If you look at the zone it looks like this. You will see that there is one DNSKEY that signs the DNSKEY and also it's the same key that assigns as well as all the other records that are in there.

A request from the community was to, could you please lower the TTL on the NS, the delegation records and on the DS records. This used to be two days, we lowered the NS record to a day and the DS record to an hour. We did not see any spikes or increase in a query rate on theality DNS cluster, and especially for the DS record, a very high TTL, if you are doing a normal KSK rollover that's just annoying, if you have an event and you need to wait two days, that's really, really bad. So this should improve things.

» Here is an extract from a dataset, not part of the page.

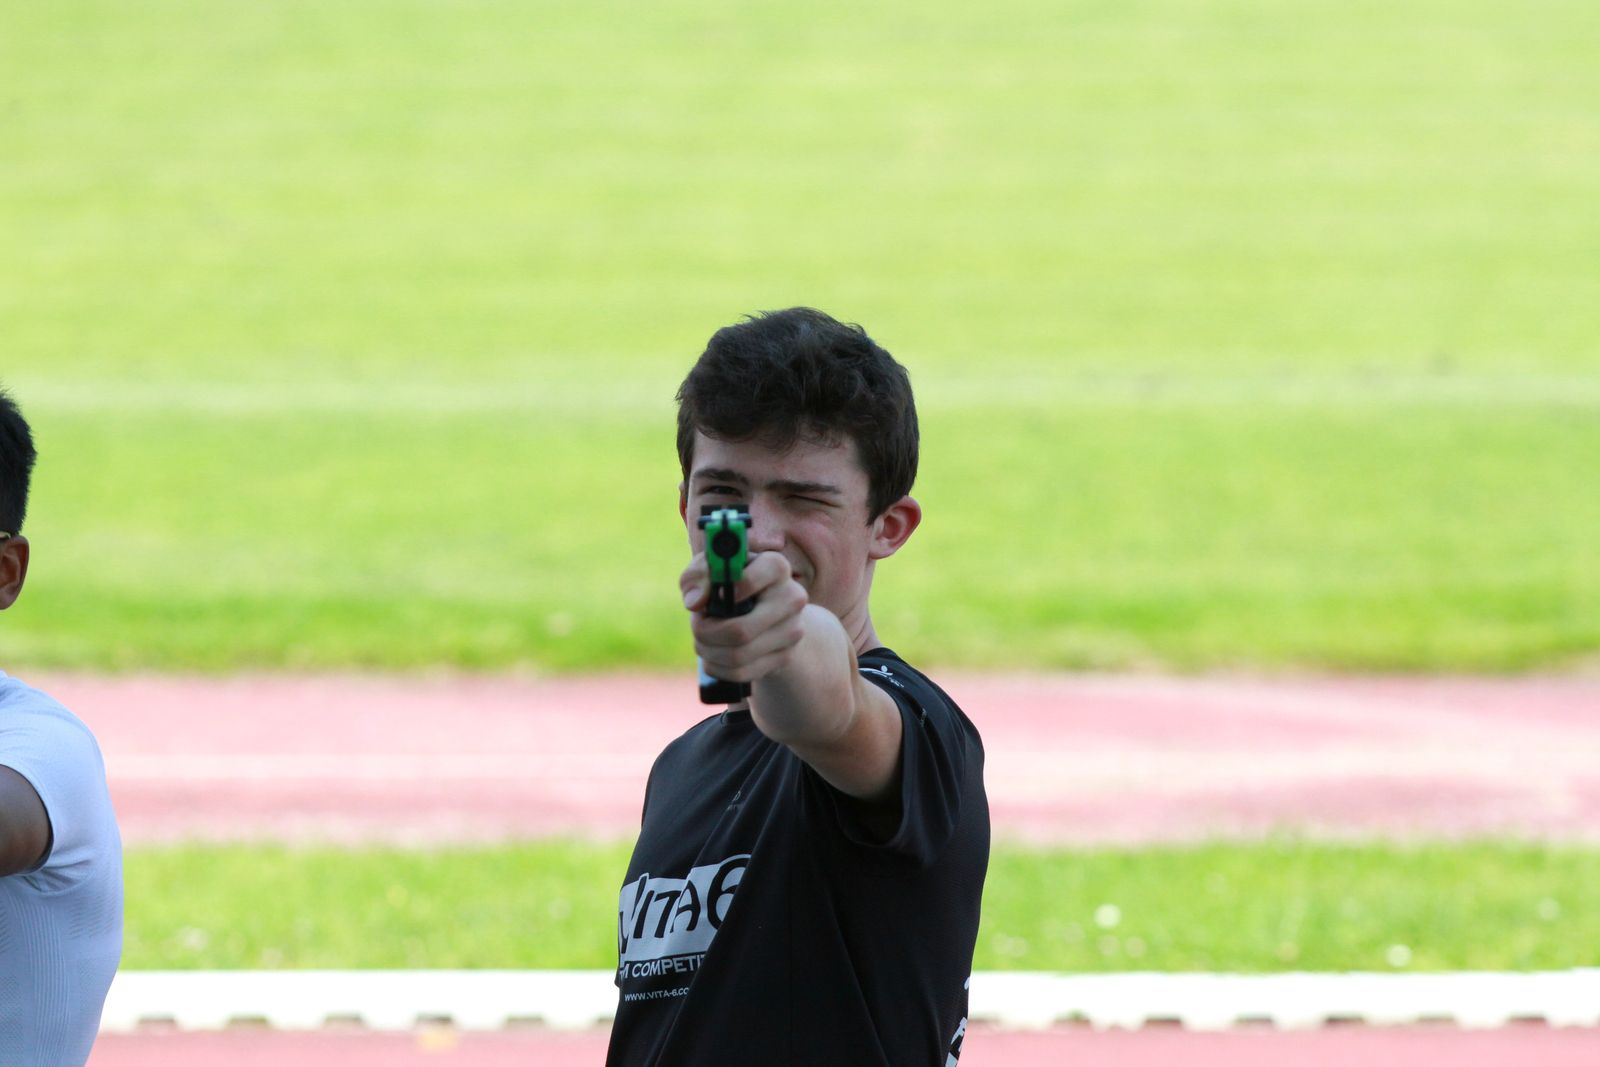 Performance Epée U20-U23 2021 - Album Jour 4 - Mercredi 11 août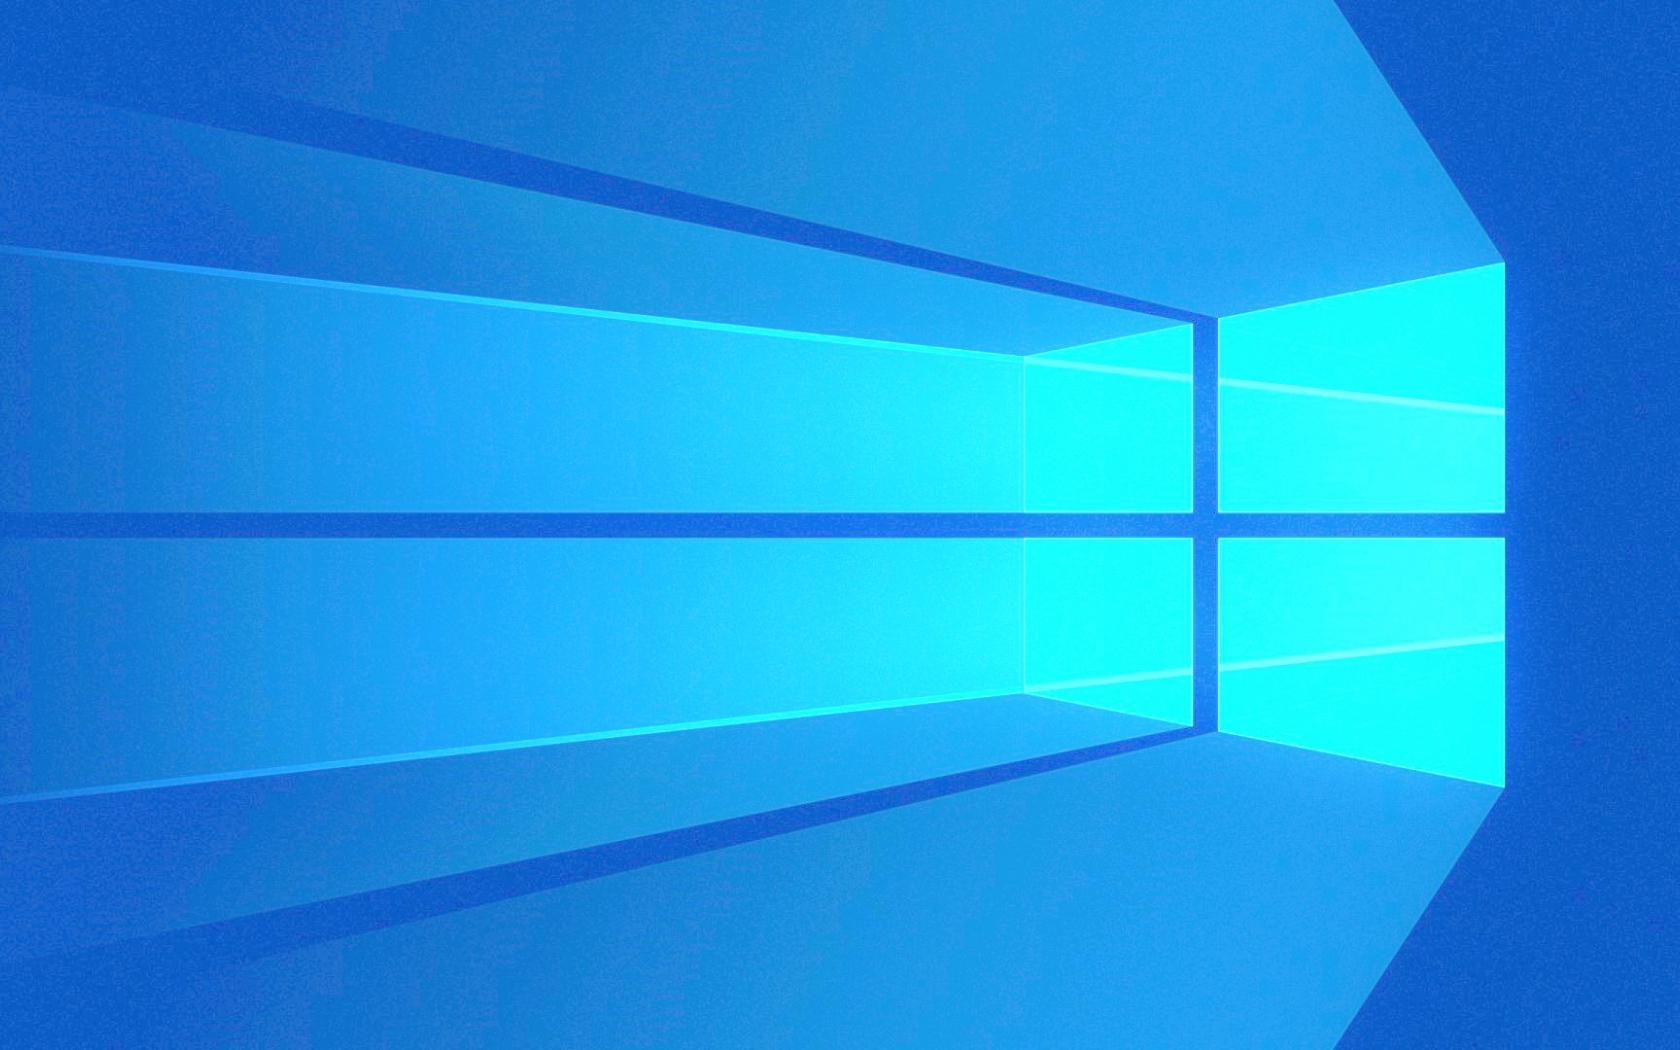 Free Download Redditpics 1920x1080 Windows 10 Wallpaper Bright

Software update, we're using Zonemaster to do a pre‑delegation check. There is a new version out, you get bug fixes and you get a few minor additional checks, and what you really were looking for was support for algorithm 15 and 16. So we have support for that now.

So, have you recently disabled IPv4 on something? We did. The reason for that was we were actually running out of space on management interfaces on one side and we looked at this, how can we solve this? Oh we could run this on private space. Hang on, there is IPv6, let's do that. And well it just works. Except in some sites where we only have v4 and we need to poke people or where v4 is actually better than v6, we need to work on that as well. But the idea is let's just switch as much as we can on the management interface to v6.

We are a bit late on the hardware replacement. Basically we can't get the hardware in, we have been promised stuff will show up in June. So we hope to be able to roll this out actually this year, these are the k‑root sites in Frankfurt and Miami.

And another project that we're working on is of the DNS Anycastically course sites in Europe, we wanted put in a fourth site where we will also face the issue of we need to get the hardware in. We aim to do this by the end of 2022. I am a bit more a pessimist, so I think it will be slightly delayed, but we're working on that.

And I think there is actually the last slide. We tried to be diverse in the software that we're running so all our name servers, we are using by a mix of BIND, knot and NSD. We have some diversity in our routing software well which was Bird and X iBGP, we dropped IX BGP an we were running on Bird for a long time. To add to the diversity we also added FRR to the mix and we need to do an OS update because CentOS is end of life soon.

And I don't know if you have time for questions.


MORITZ MULLER: You were very quick. Thank you, so then we have some time for questions.

No questions, I believe. So, then we have a small surprise still. So Shane, the floor is yours.

SHANE KERR: So, a little bird told me recently that he was doing some archive work, archeology, looking into the historical record, and it turned out that in June, next month, that DNS Working Group is going to be 30 years old. So, we figured we'd have a little birthday celebration. We have some cake over here. Happy birthday everyone.